Proper Care and Feeding of Drives in a Hadoop Cluster: A Conversation with StackIQ’s Dr. Bruno
In a recent blog post, Hortonworks’ Steve Loughran discussed Apache Hadoop’s preference for JBOD-configured storage vs. the allure of RAID-0. As more enterprises are beginning to move beyond the science experiment stage and begin deploying Hadoop into their production environments, they are learning that Hadoop is quite different than other services in their data centers, such as web, mail, and database servers.They are learning that to achieve optimal performance, you need to pay particular attention to configuring the underlying hardware.
To find out more, we had a chat with Dr. Greg Bruno, VP of Engineering, and co-founder of StackIQ, a Hortonworks partner, about the real life implications of managing hard drives (HDDs) in a modern Hadoop cluster.
Q. Why isn’t it considered good practice to configure drives in Hadoop clusters as RAID-0 disk arrays?
A. Hadoop prefers a set of separate disks to the same set managed as a RAID-0 disk array. Read speeds are particularly important to the performance of a Hadoop cluster, and in his post, Steve makes the point that since drive speeds vary, and RAID-0 reads occur at the speed of the slowest disk in the array, a RAID-0 configuration may well be slower than a non-RAID configuration. The bigger issue, in my opinion, is reliability. If a set of disks is configured as a RAID-0 array, then one disk failure in that array will take that entire volume down, and if all the disks in a node are configured as a single RAID-0 array, then a single disk failure will take all the node’s data down. By configuring multiple disks in a RAID-0 array, you magnify the probability of that volume going offline due to a single disk failure and you maximize the amount of data that goes offline when that single failure occurs.
Q: Modern servers have a lot of disks. What’s the impact of losing a single disk when you have 12 3TB drive in each node?

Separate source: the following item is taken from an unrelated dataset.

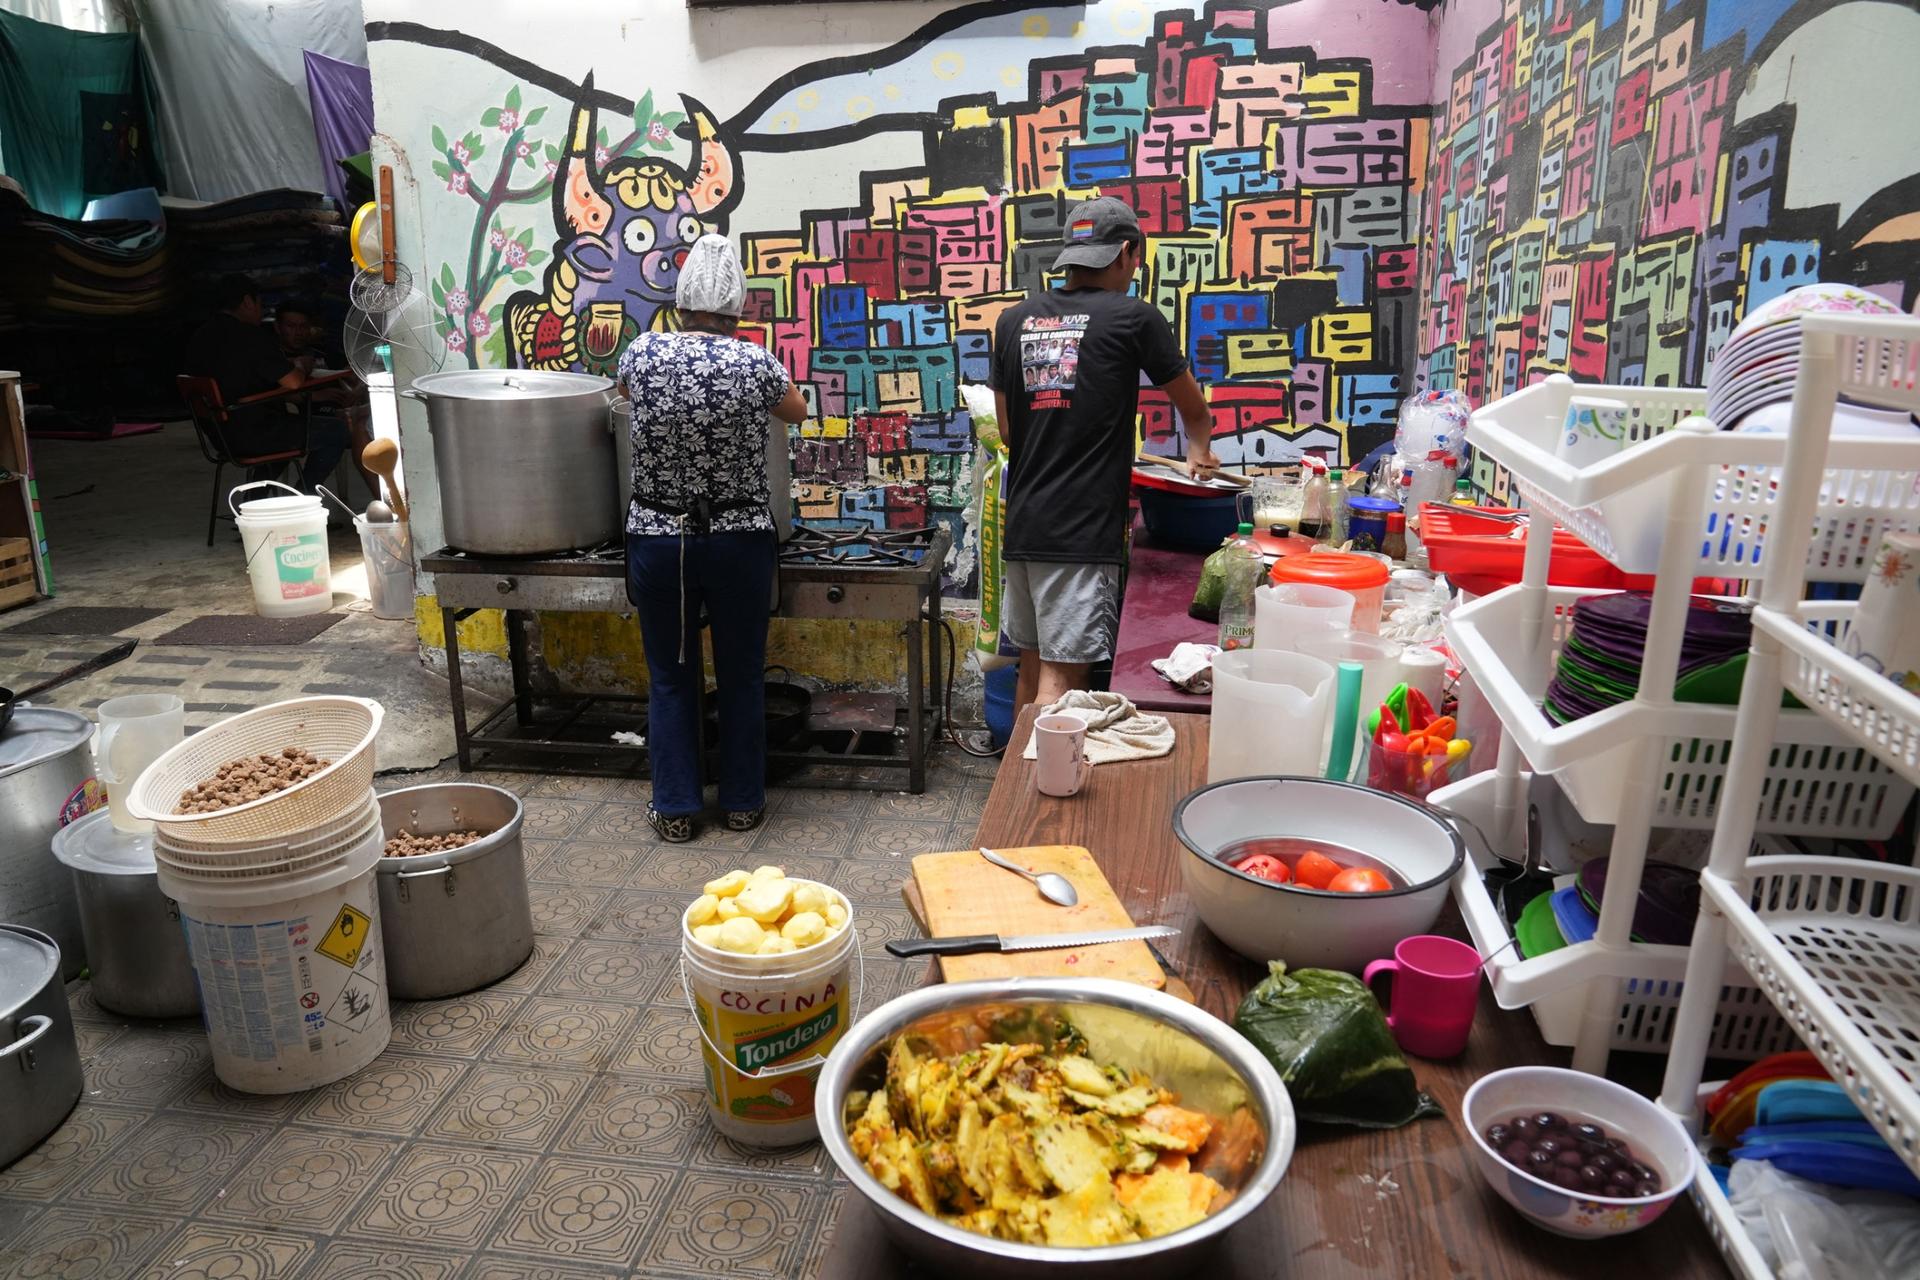 At Nuevo Peru's headquarters in Lima, volunteers cook meals for hundreds of protesters who have come from Peru's southern highlands.

A: When a single drive fails when Hadoop is configured in its default state, the ENTIRE NODE gets taken offline. Back when servers typically had 6 x 1.5TB drives in them, losing a single disk would cause the loss of 0.02% of total storage in a typical 10PB, three-replica setup. With today’s hardware — typically 12 x 3TB drives per node, losing a single disk results in the loss of five times as much data.
Q: Aren’t today’s HDDs much more reliable than they used to be? Is it worth the extra work to handle the rare cases when a drive fails?
A: While drives are much more reliable than they used to be, they are still the cause of the lion’s share of support tickets in a Hadoop cluster. In fact, according to Bharath Mundlapudi, a Core Hadoop Engineer while working at Yahoo, disk drive failures account for fully 50% of siteops trouble tickets. That’s more than three times the next highest source of tickets.
Q: What does that represent in real terms?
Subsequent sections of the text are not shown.